In sum, a health care provider, when acting in its business capacity rather than in its professional capacity, is subject to claims under the Act. As noted in Goldfarb, the exchange of professional services for money is ‘commerce’ in the most common usage of that word. 421 U.S. at 787–88. Franks and Edwards do not allege that the Hospitals failed to provide proper medical care. Instead, Franks’ and Edwards’ consumer claims are based on the Hospitals’ efforts in their business capacities to collect payment for the distribution and sale of medical goods and services. The parties do not dispute that the filing of a hospital lien is a collection activity, but only whether the filing is covered by the Act. See West, 459 S.W.3d at 37–38.

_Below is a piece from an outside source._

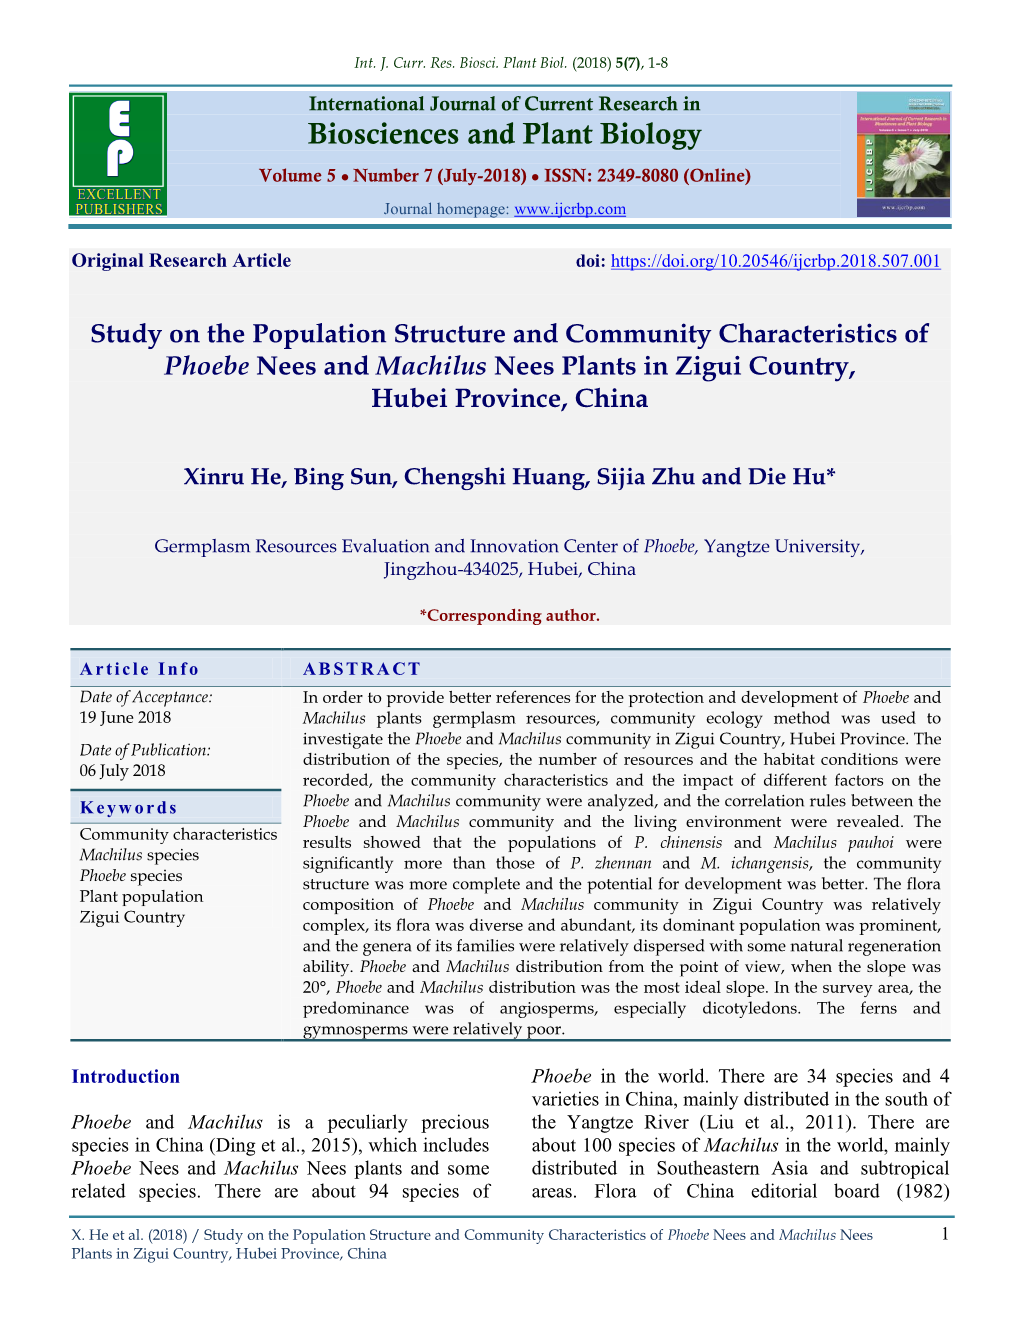 Study on the Population Structure and Community Characteristics of Phoebe Nees and Machilus Nees Plants in Zigui Country, Hubei Province, China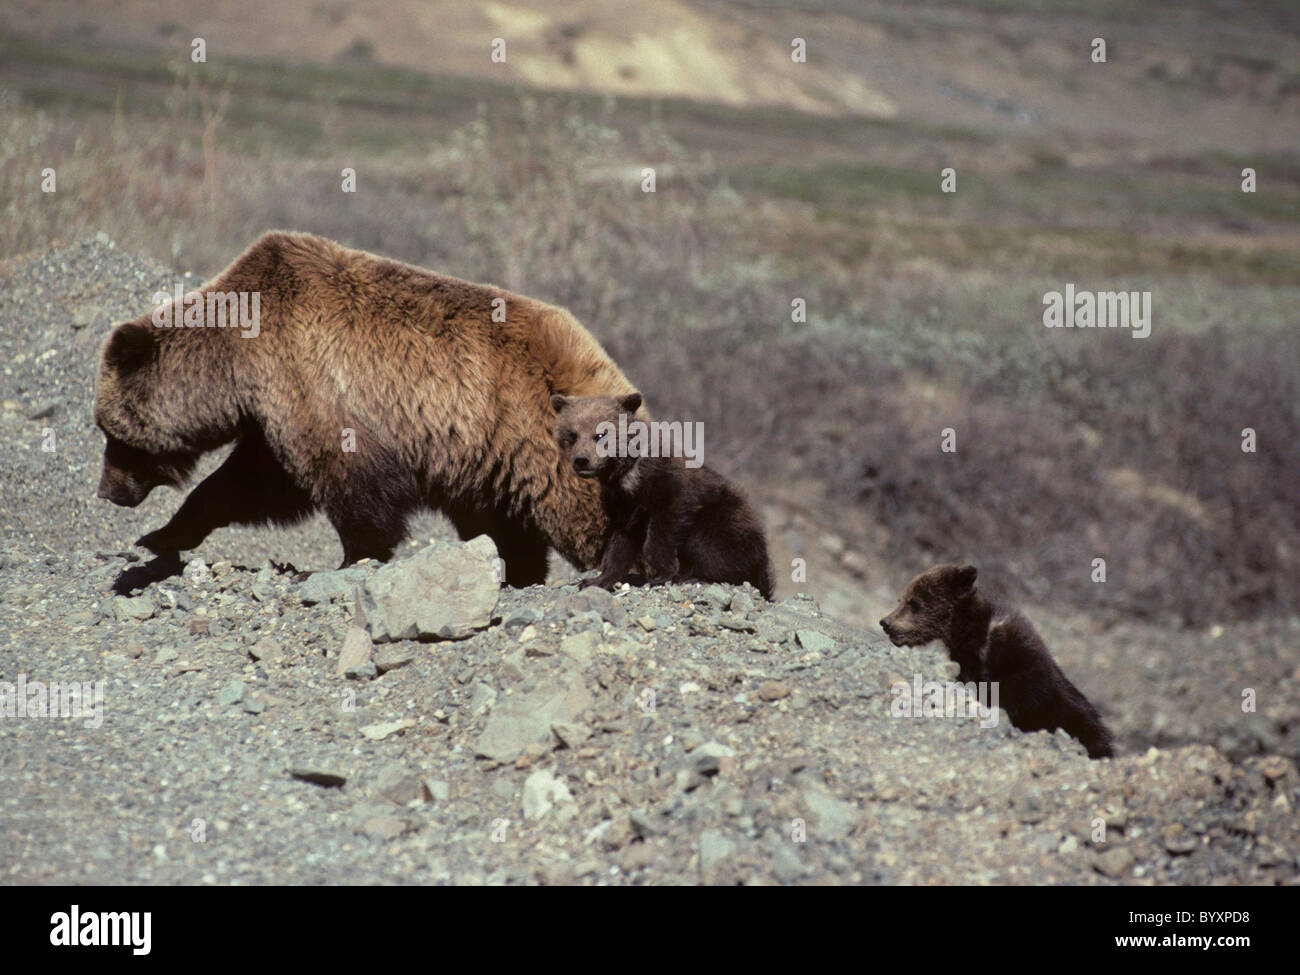 Sow and Cubs, Grizzly Bear, Denali National Park, Alaska, brown bear, grizzly bear, grizzly bears, brown bears Stock Photo

The trial court did not decide, and therefore we do not address, whether the section
III.
We are required to take all of the factual allegations in the amended complaint as true and construe the amended complaint liberally in favor of Franks and Edwards. After doing so, we find that Franks and Edwards have stated a cause of action under the Act by alleging that they were injured by unfair or deceptive acts of the Hospitals that affect the conduct of trade or commerce. We reverse the judgments of the trial court and the Court of Appeals, and we remand this case to the trial court for further proceedings. We tax the costs of this appeal to Professional Account Services, Inc., Dyersburg Hospital Corporation, and Martin Hospital Corporation, individually and d/b/a Tennova Healthcare, for which execution may issue if necessary.